Frequently Asked Questions
- What is fracture nonunion and why does it matter?
- Nonunion happens when a broken bone fails to heal completely within the expected timeframe -- typically defined as no visible healing progress after several months. It can cause chronic pain, instability, and may require repeat surgery. For men on TRT who fracture a leg, hip, or ankle, understanding this risk helps them and their clinicians make smarter decisions.
- How much does TRT increase the risk of nonunion after lower extremity fracture surgery?
- A 2025 study published in PubMed found a statistically significant association between TRT use and increased nonunion risk following surgical fixation of lower extremity fractures. The absolute risk numbers and confidence intervals are detailed in the source paper (PMID 42314529). We encourage you to review that data with your clinician in the context of your own health history.
- Should I stop TRT if I fracture a bone?
- Do not make that decision on your own. The evidence suggests a possible association, but stopping TRT abruptly carries its own risks, including rapid symptom return and hormonal instability. This is a conversation for your prescribing clinician and your orthopedic surgeon together, with full knowledge of your labs and protocol.
- Does testosterone help or hurt bone density overall?
- Testosterone generally supports bone mineral density, and hypogonadism is a recognized risk factor for osteoporosis. The nonunion signal is about post-fracture healing under surgical fixation conditions -- a more specific and more nuanced question than overall bone density. Both things can be true at once: testosterone protects bone density while potentially affecting fracture repair biology.
- What labs should men on TRT have monitored regularly?
- What clinicians look for includes total and free testosterone, hematocrit, estradiol, PSA (for men over 40), and a metabolic panel. Bone-specific markers like DEXA scan results, vitamin D, and calcium are also relevant for men with fracture risk factors. We review these at six weeks, three months, and at least twice a year thereafter.
- Are there other medications or conditions that increase nonunion risk?
- Yes. NSAIDs, corticosteroids, smoking, diabetes, vitamin D deficiency, and poor blood supply to the fracture site are all established risk factors for nonunion. TRT appears to be an additional variable that warrants disclosure to your surgical team -- not the only one or necessarily the dominant one.

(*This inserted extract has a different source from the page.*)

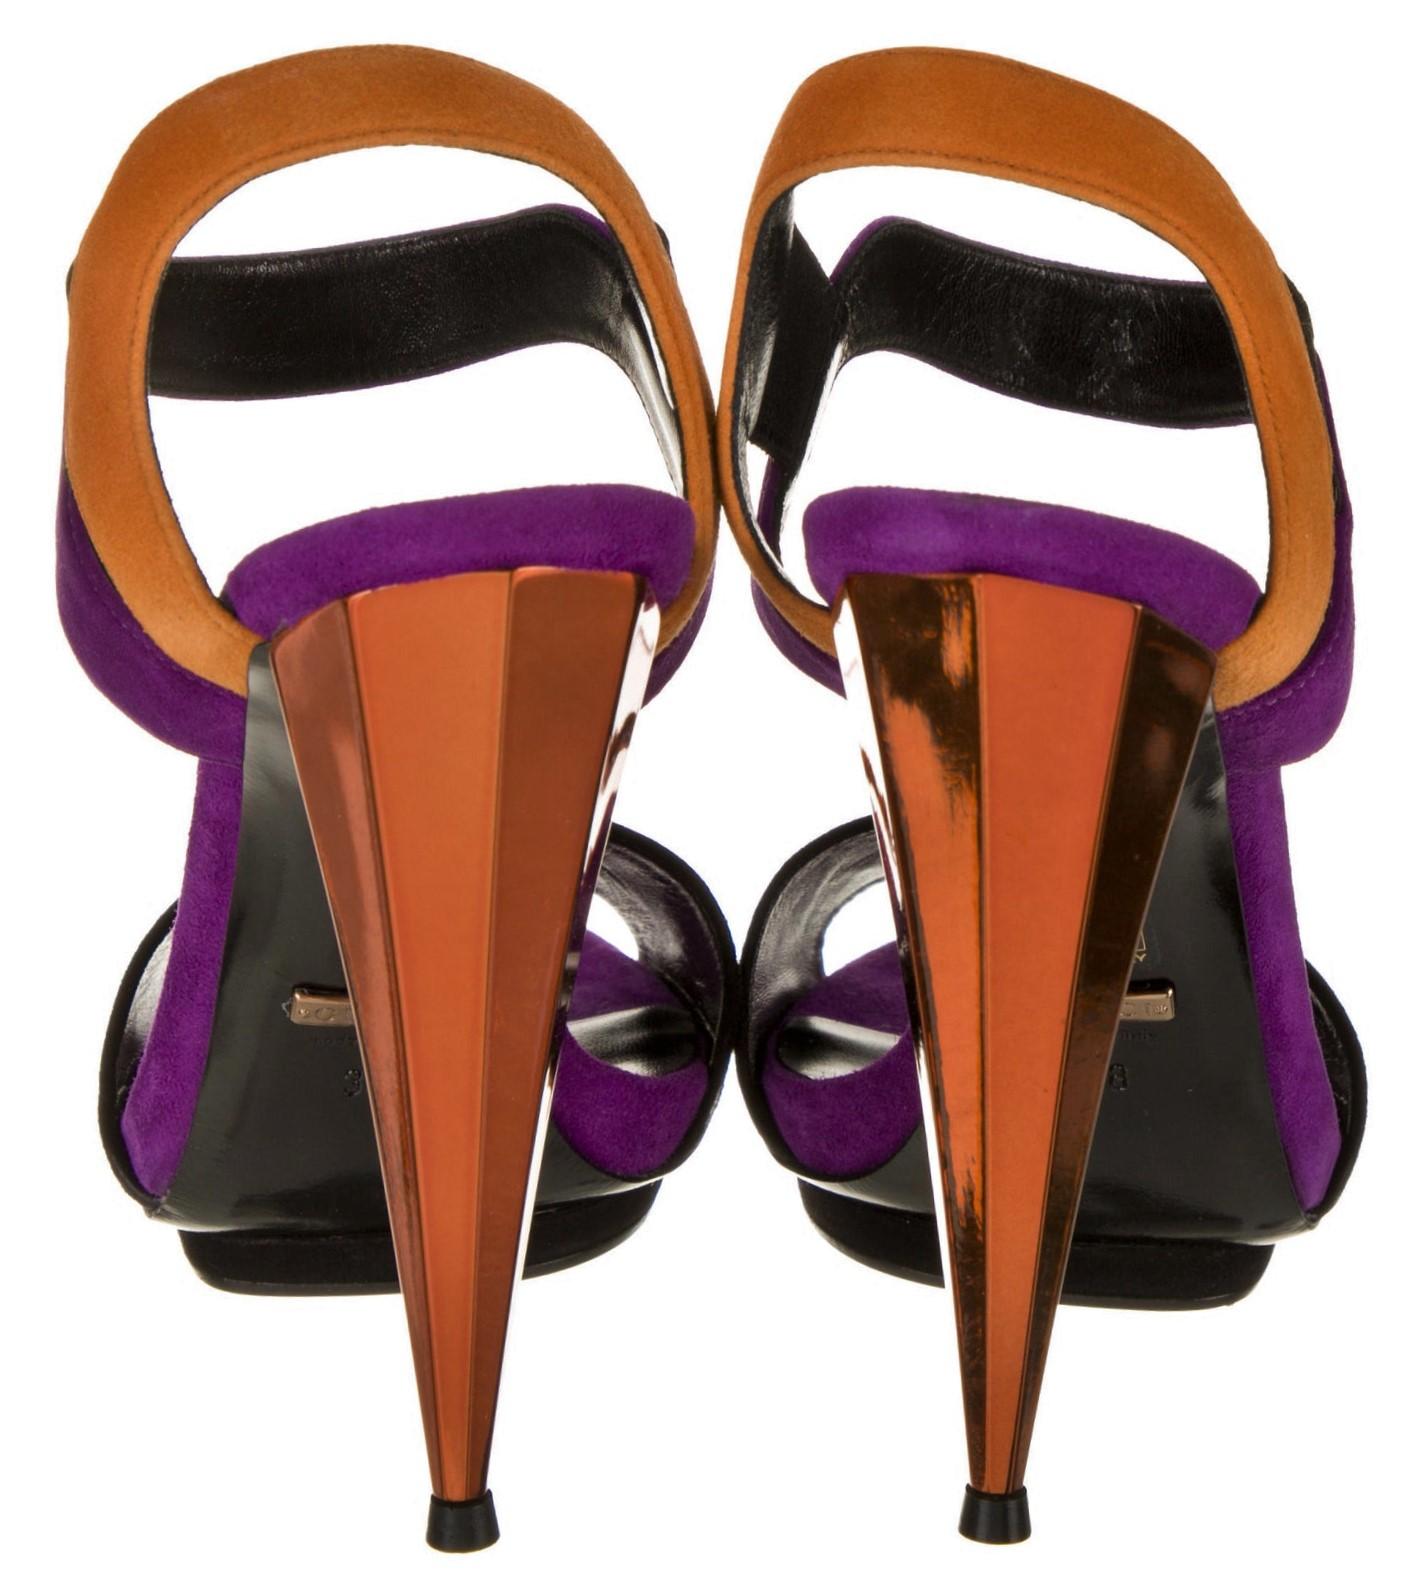 New Gucci Ad Runway 2014 Purple Orange Suede Mirrored Pump Heels Sz 39 In New Condition For Sale In Leesburg, VA

- How does NoMi Beach Health approach TRT monitoring differently from a high-volume TRT clinic?
- We follow AUA guidelines, require two morning blood draws to confirm deficiency, take a full history before prescribing, and monitor labs at defined intervals for the life of the protocol. We also communicate with your other specialists -- including surgeons if needed -- because TRT does not exist in a vacuum.
Sources
- Tornberg HL, et al. Testosterone replacement therapy increases the risk of nonunion after surgical fixation of lower extremity fractures. PubMed (2025).
- Mulhall JP, et al. Evaluation and Management of Testosterone Deficiency: AUA Guideline. J Urol (2018).
- Bhasin S, et al. Testosterone Therapy in Men with Hypogonadism: An Endocrine Society Clinical Practice Guideline. J Clin Endocrinol Metab (2018).
- Kenanidis E, et al. The role of sex hormones in fracture healing. Eur J Orthop Surg Traumatol (2023).
- Giannoudis PV, et al. Fracture healing: the diamond concept. Injury (2007).
- Alford AI, et al. Impaired fracture healing in patients receiving hormonal therapies: molecular mechanisms and clinical implications. Bone (2020).
- Cauley JA, et al. Testosterone and bone health in men: a systematic review. J Clin Endocrinol Metab (2016).
- Zhu Y, et al. Effect of anabolic steroids on fracture healing: a systematic review of animal and clinical studies. J Orthop Res (2022).
- Browner WS, et al. Impaired healing and NSAID use: clinical and mechanistic considerations. Arch Intern Med (1993).
- Testosterone and the TRAVERSE Trial Investigators. Cardiovascular Safety of Testosterone-Replacement Therapy. N Engl J Med (2023).